Wednesday, July 16, 2014

How to stay profitable as a Web Designer

Web Design Bangladesh: How to stay profitable as a Web Designer
In today's economy it can be difficult for a freelance web designer or developer to compete for the project and maintain profitability. When I started many years ago, I made the long-term contract for a couple of large companies in the area of San Jose. At that time doing simple HTML and graphic design easily paid six figure a year.

If you have been doing freelance work for a while, I'm sure you've noticed the increased competition and falling rates of customers who want to pay. A project can offer a few hundred dollars now online job boards, it will result in easy scoring 2-5 times as long as 5-7 years ago. If you have a large base, large customers. Let me know if you need any help at all works. Just kidding, but this article is more for new small business web design freelancer.

So how do you stay positive and profitable? First, you have to ask yourself, do you really want the web design? I'm not trying to discourage anyone. But if you are a web designer, because that's what you do, it may be time to look at another field. Even within the field of Internet, being a seller or writer for an Internet business can be more relevant to you demands. If you are a fan, or at least stop being aware about web design, there are some adjustments that must be made to its business model. Like I always say, this is just what worked for me. If you have any comments or questions, please leave a note.

The main thing to consider is where you are in your career web development / design. If you have a small to medium to large customer base. I would not really recommend or try to push a customer to buy something, but your existing customers is the obvious choice for more income. Now is the time to do some research and see how they could improve their customer sites. If you can add value, especially something that makes a profit, the site, it's a win / win and you have to start with a cold call.

For example, I had a client who sells a product locally, but there is no way to buy products online. Adding just a small shopping cart for the site, I had the opportunity to generate additional revenue for the client and I almost instantly. Another reason to use your existing customer base, is dealing with new customers can be a divination game. It is really impossible to know what the customer would like to face up to a project starts. Many web designers know that the syndrome feature creep and the customer just can not decide what you really want. When times are tight, the last thing you need to get stuck on a project that does not end up bringing much revenue, and / or leaves you with an unsatisfied customer.

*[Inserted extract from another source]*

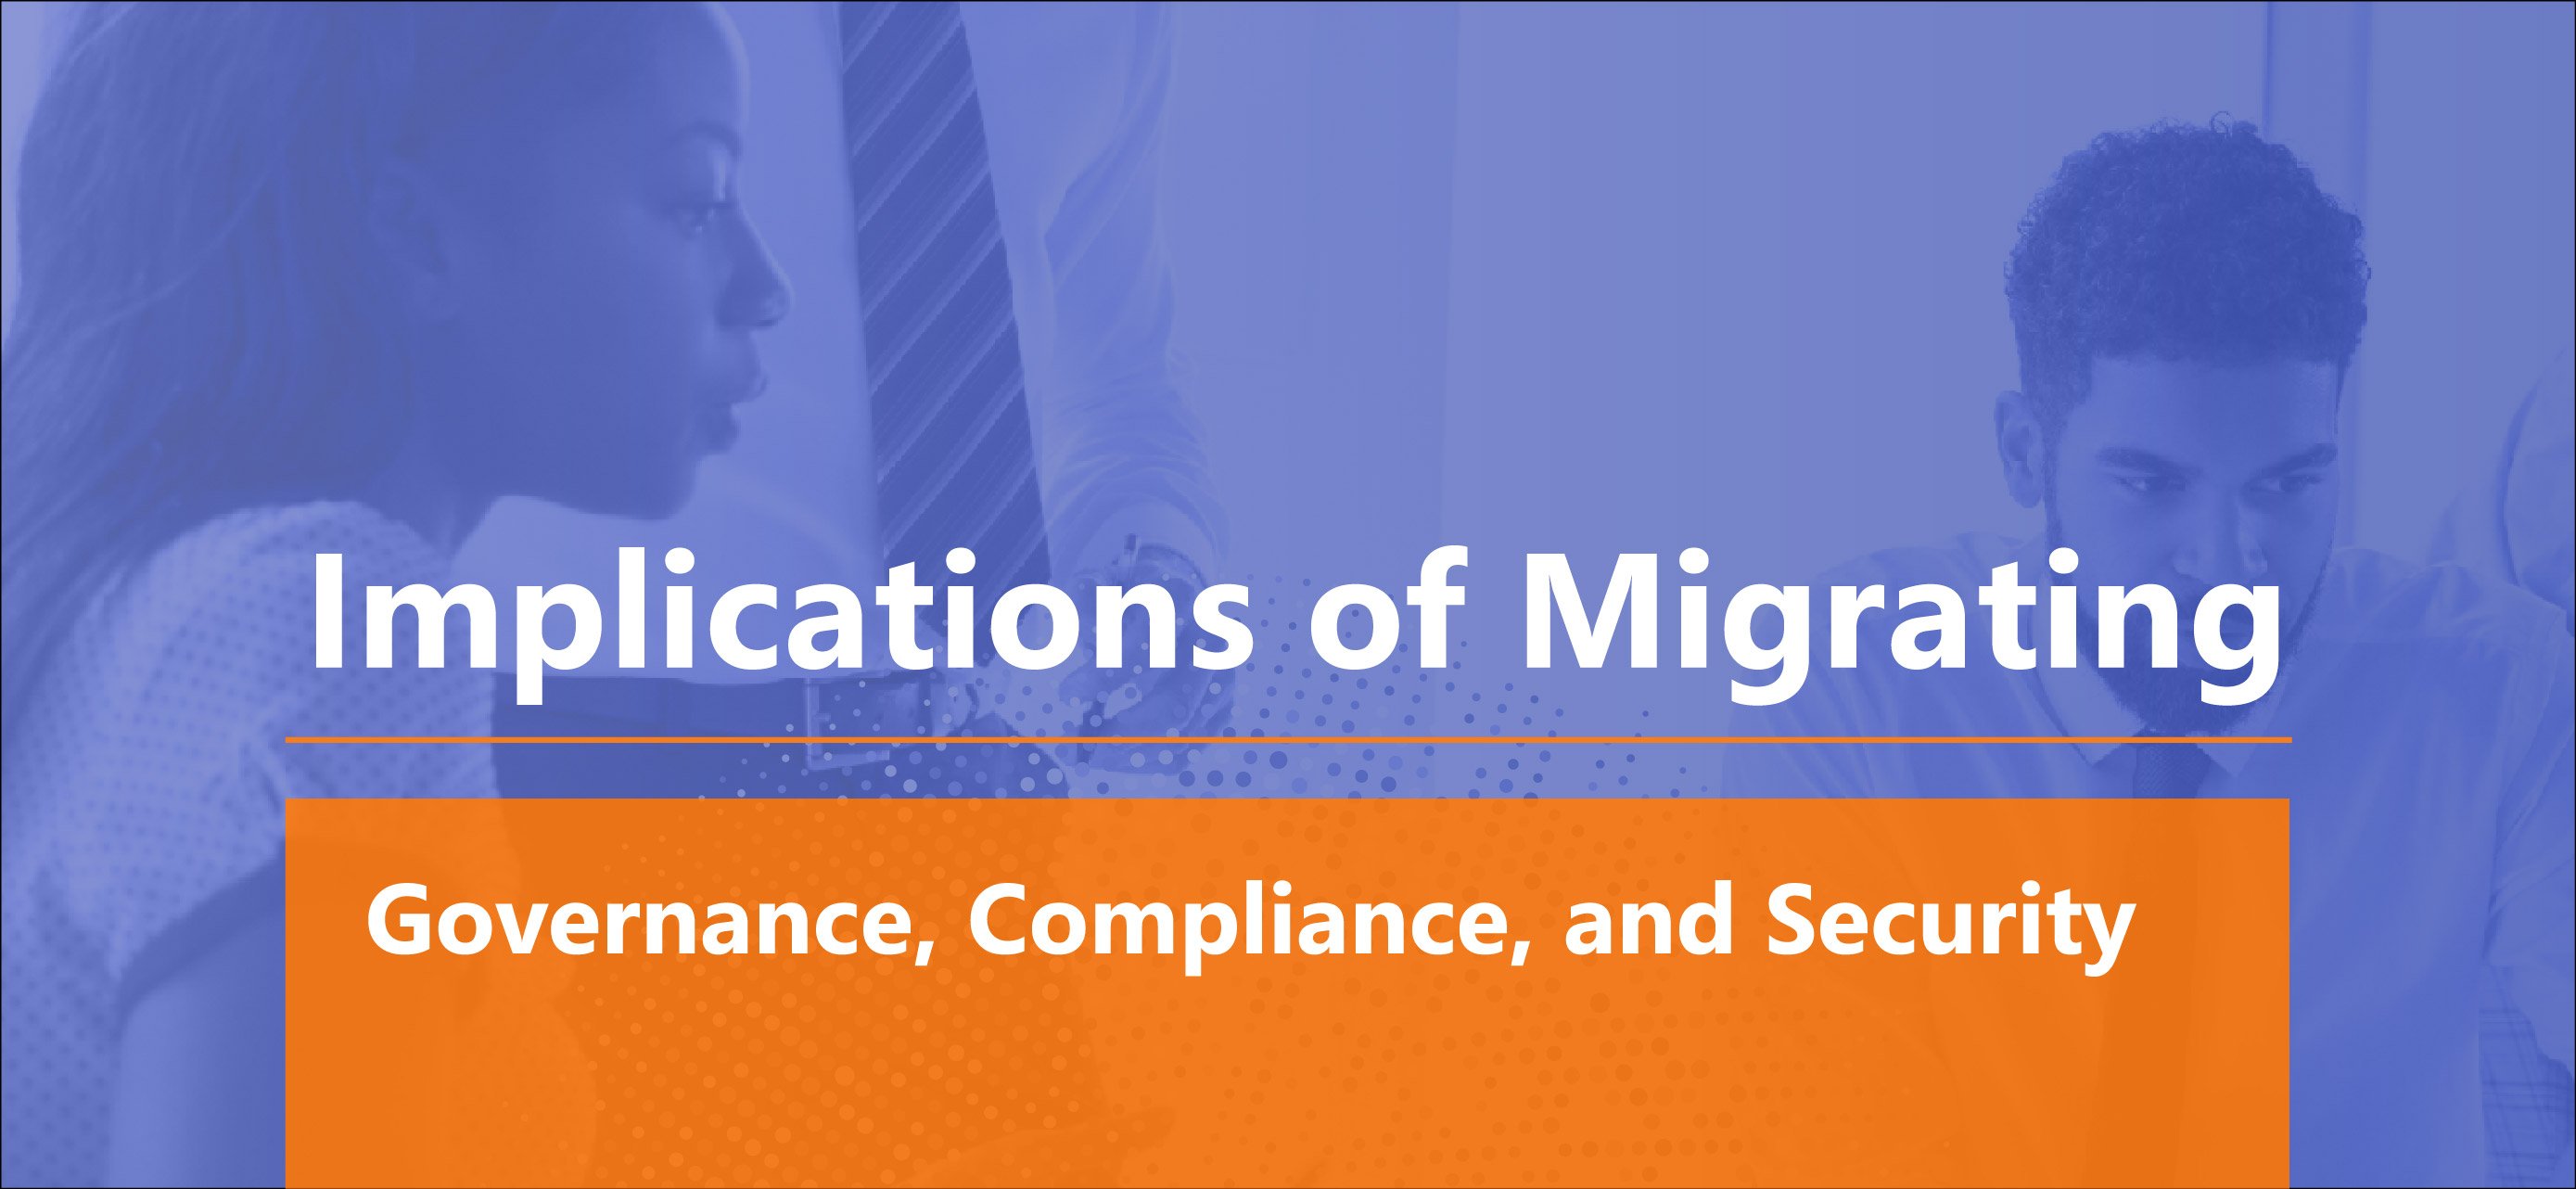 Implications of Migrating

If you are just starting out, and have little or no customers, you have to start small. What do I mean by starting small? Most job boards have qualifications profile, portfolio and a list of projects completed by each bidding developer on a project. Probably do not have much information to put in your portfolio. And definitely useless for the prospect to move forward.

There are several things you can do to improve your chances of winning a project anyway. First, if you have a degree or certification, push on your profile page. Also, keep beginning certified in most skill areas to increase the number of projects to be able to bid. Second, build prototypes or models of sampling sites. This will give potential customers samples to look at, give them an idea of your style and skill level, and it greatly increases the chance of getting the first project.

If you bid on 20 projects or more and still not getting any response, you will have to make some adjustments. You many need to bid on small projects and lower its offer until you find the rhythm that achieved the customer wants to pay for their services. You can also perform some sites for free. If you are a member of a team, a church or a club, offering a free website. Most often they are very responsive, and it will give a true client / s to show off. Keep a positive attitude, even if you're not getting any work. Imagine you have a project and work on it. For example, a customer who booked a block of time for the project pushed back. I was satisfied? Yes There's really nothing I can do about it and now had a few days to work without commercial projects.

One thing that I messed around with but specialization is WordPress. In the two days I was able to really get into WordPress and feel comfortable enough with him to bid on projects related to WordPress. I do not make a dime, and yet the work I have done during these few days. Still treated me like a real project. Writing requirements, there are models and doing research on the same site, just like you would for a real client.

I am 99% sure that the learning of new skills can make a few new customers. If not, at worst, have a new sample of my portfolio and I saw a new tool that I use for my own purposes. Hope this helps. Send me a message if you have any comments or questions.